In the data below, find the line containing "Bedroom | Holiday home in the Loire Valley"; transcribe it and each line after it exactly, through the last, skipping pictures.

§ Data shown:
━━━━━━━━━━━━━━━━━━━━━━━━━━━━━━
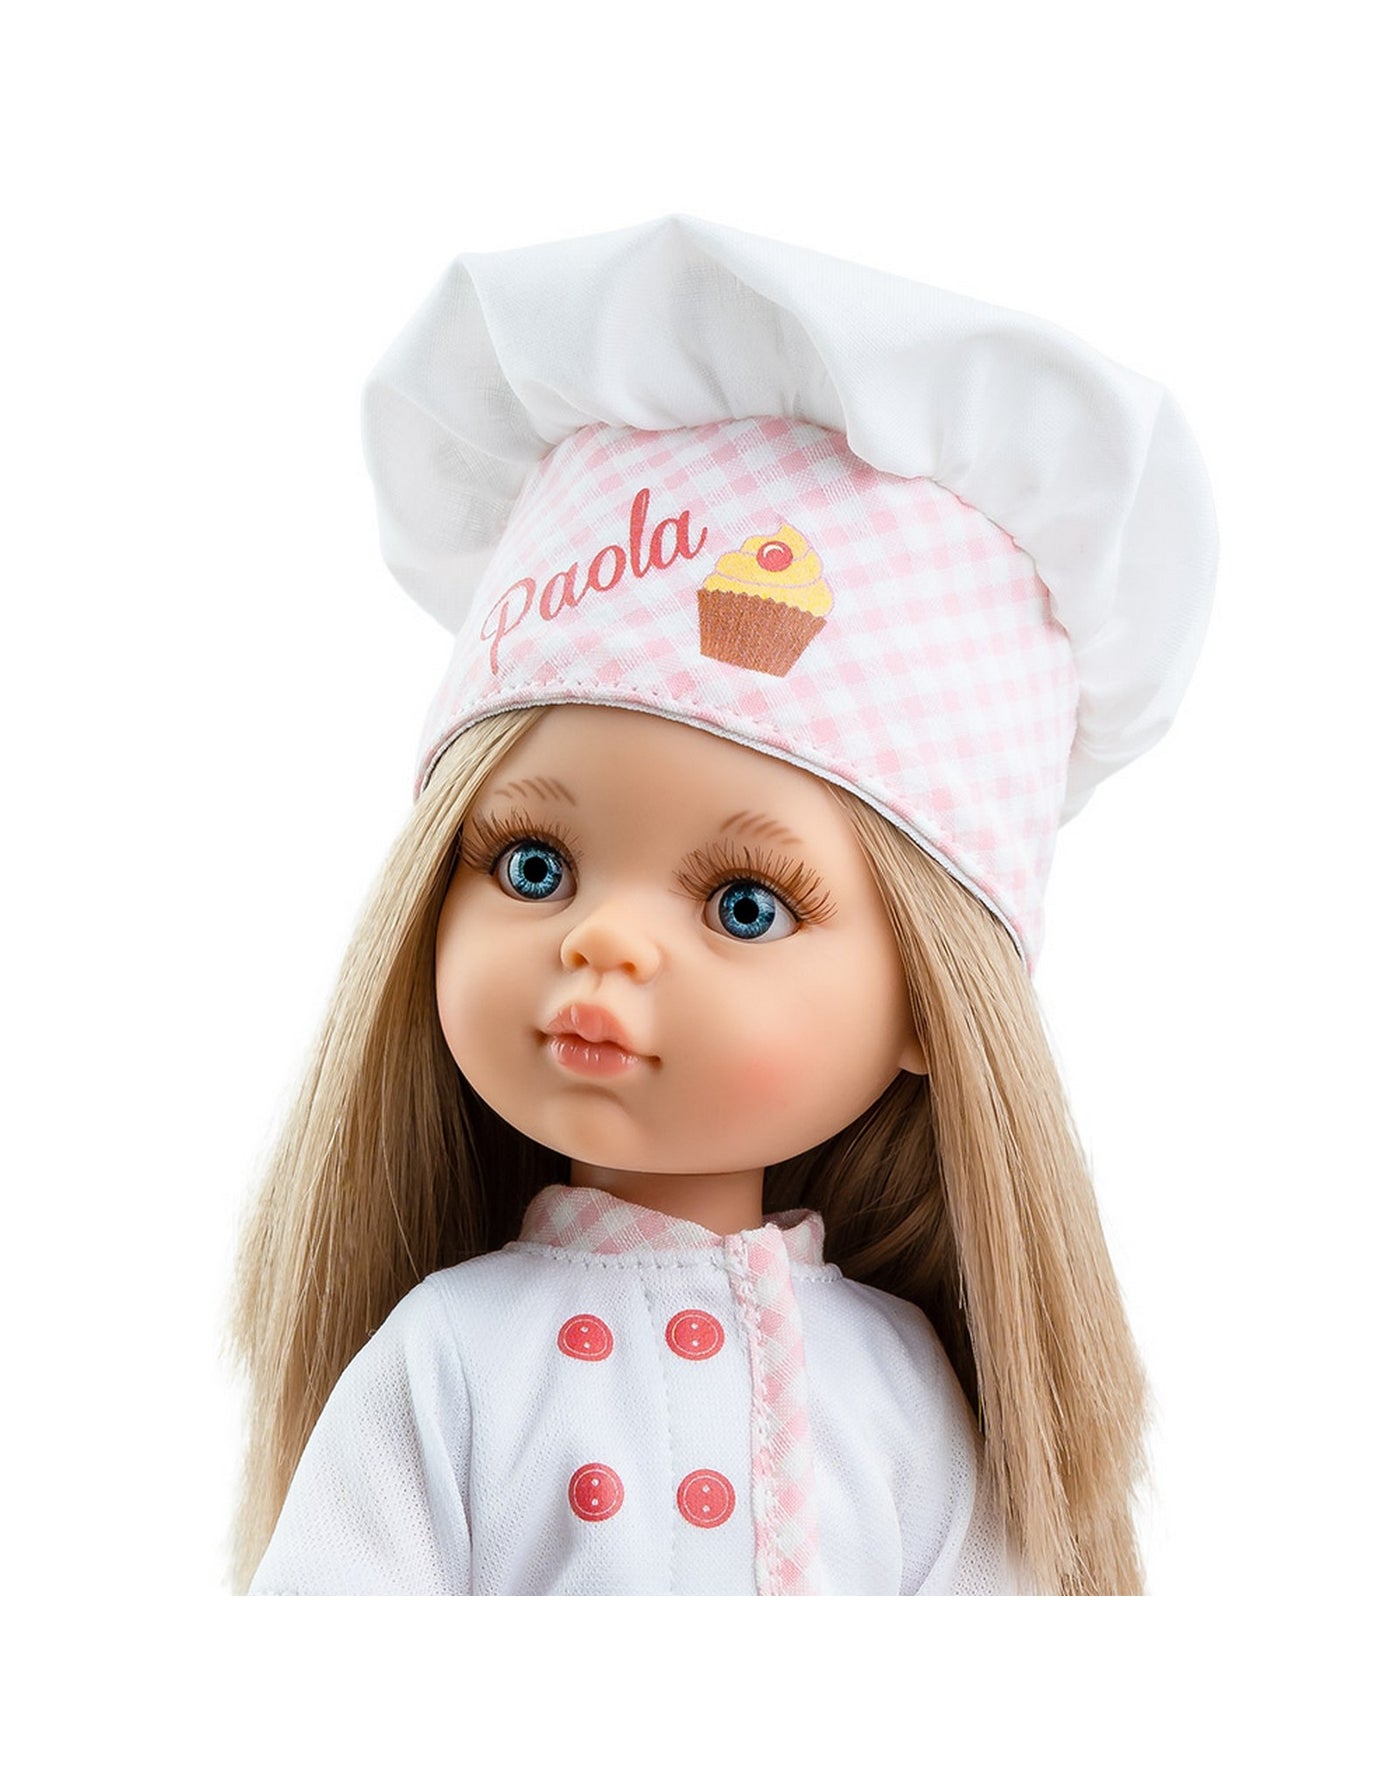 Las Amigas Doll - Carla with pastry chef set - Paola Reina
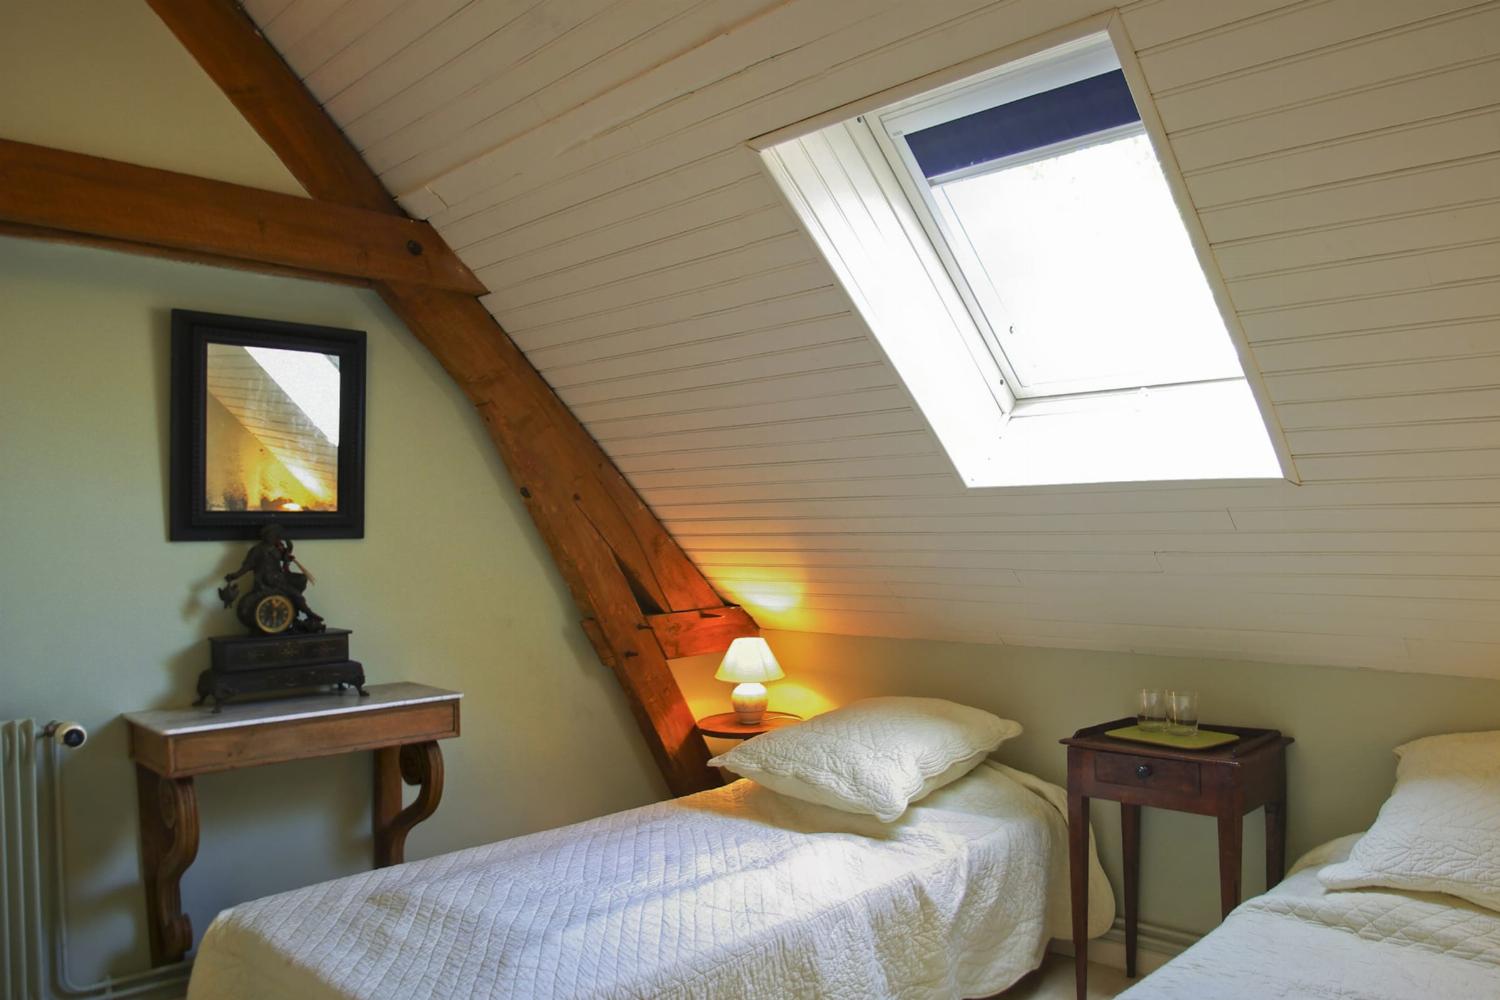 Bedroom | Holiday home in the Loire Valley
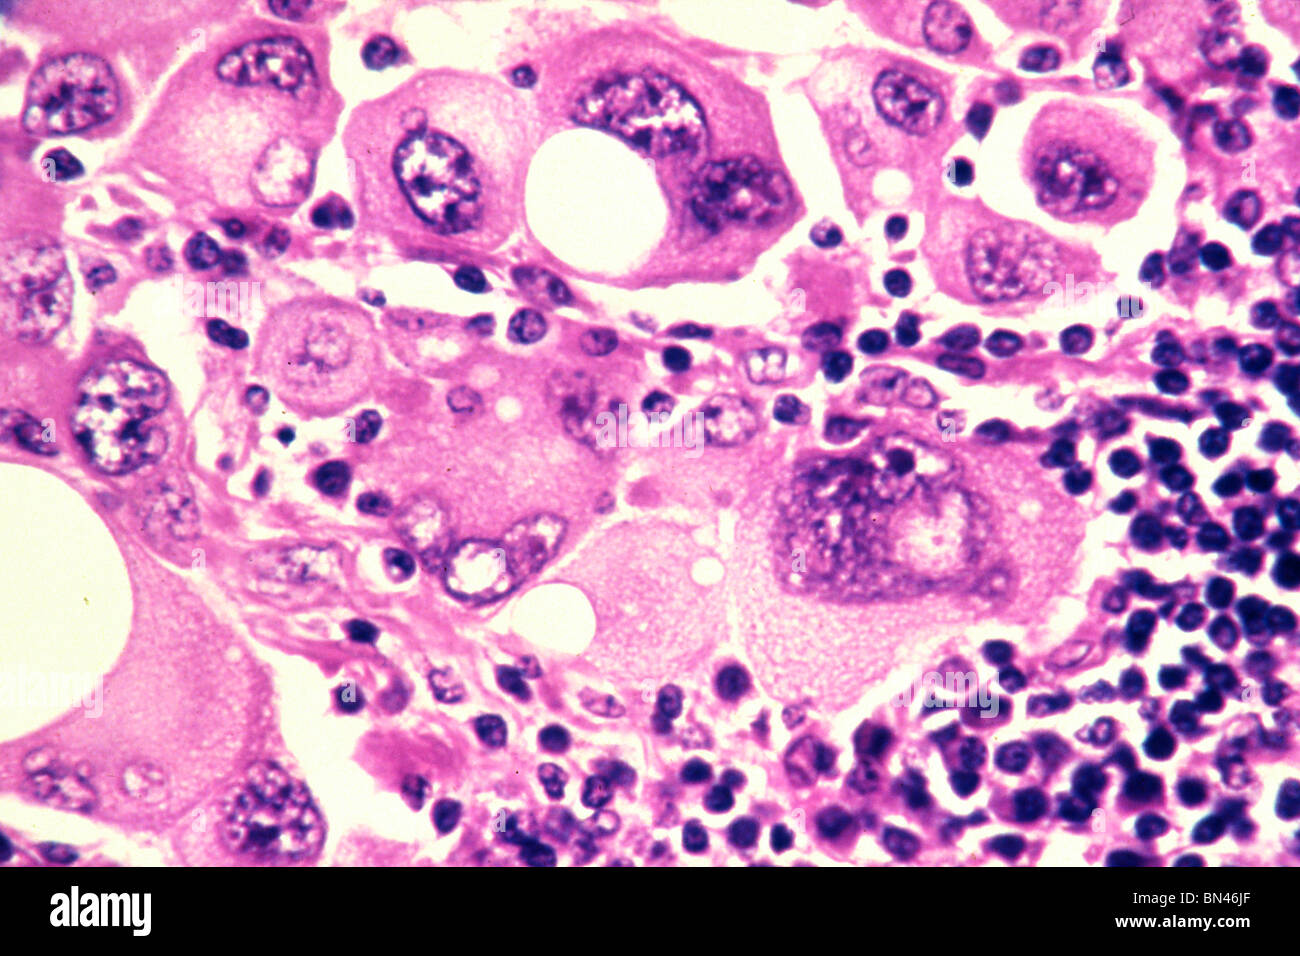 Human metastatic melanoma cells stained with an hematoxylin and eosin (H & E) stain and magnified to 320x Stock Photo
━━━━━━━━━━━━━━━━━━━━━━━━━━━━━━
§ Solution for this exercise:
 Bedroom | Holiday home in the Loire Valley
 Human metastatic melanoma cells stained with an hematoxylin and eosin (H & E) stain and magnified to 320x Stock Photo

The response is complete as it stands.